For the entries that follow, retype exactly the lines from the one containing "Apple Developer Program license agreement" to the one containing "Создание логотипа компании", inclusive, and only those. Images stay out of the copy.

EXCERPTED DATA
---

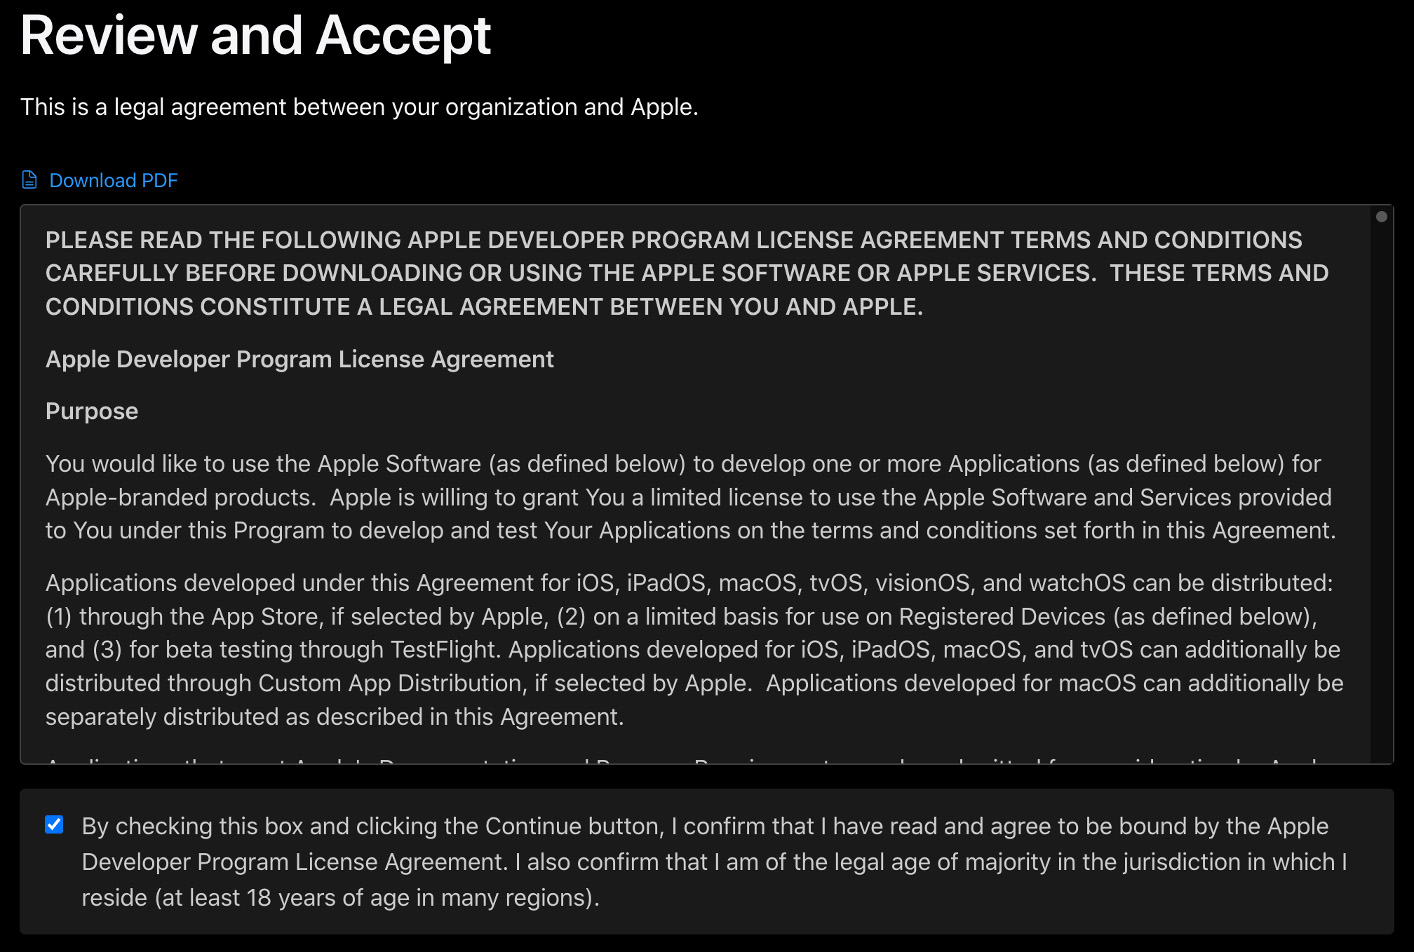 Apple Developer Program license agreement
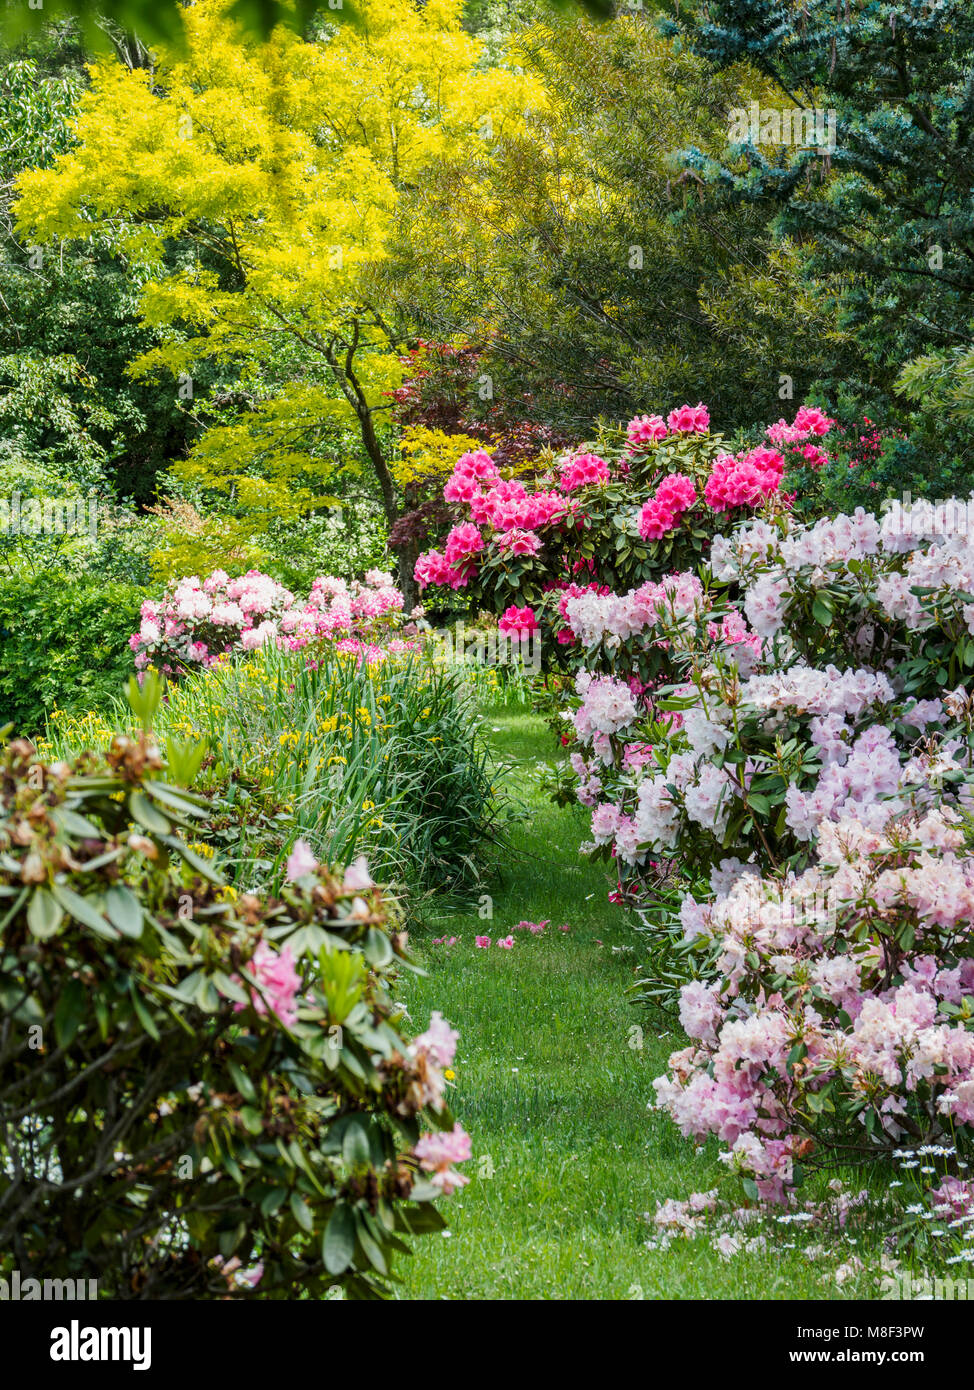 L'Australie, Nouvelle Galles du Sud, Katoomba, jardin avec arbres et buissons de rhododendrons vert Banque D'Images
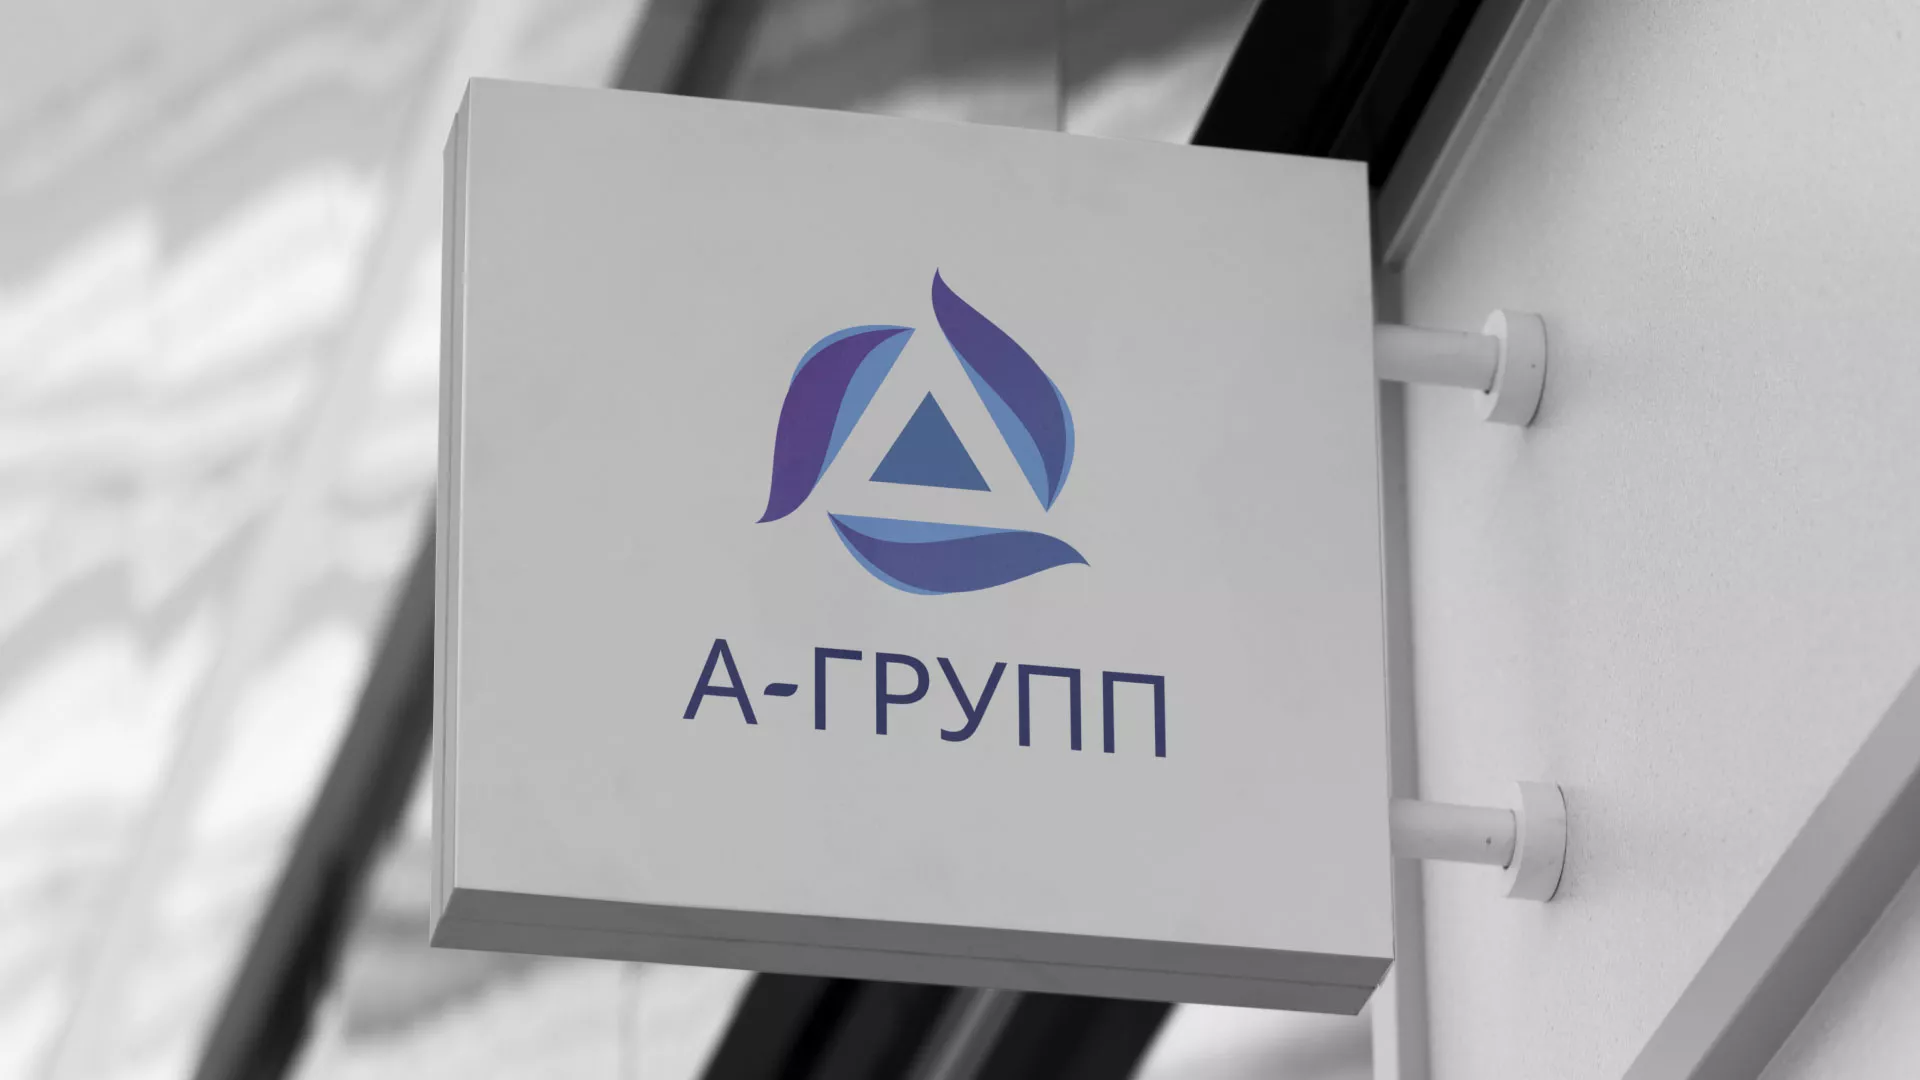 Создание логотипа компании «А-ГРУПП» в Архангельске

---

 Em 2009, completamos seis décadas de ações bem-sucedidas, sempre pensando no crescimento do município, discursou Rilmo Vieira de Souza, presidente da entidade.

---

EXERCISE RESPONSE
 Apple Developer Program license agreement
 L'Australie, Nouvelle Galles du Sud, Katoomba, jardin avec arbres et buissons de rhododendrons vert Banque D'Images
 Создание логотипа компании «А-ГРУПП» в Архангельске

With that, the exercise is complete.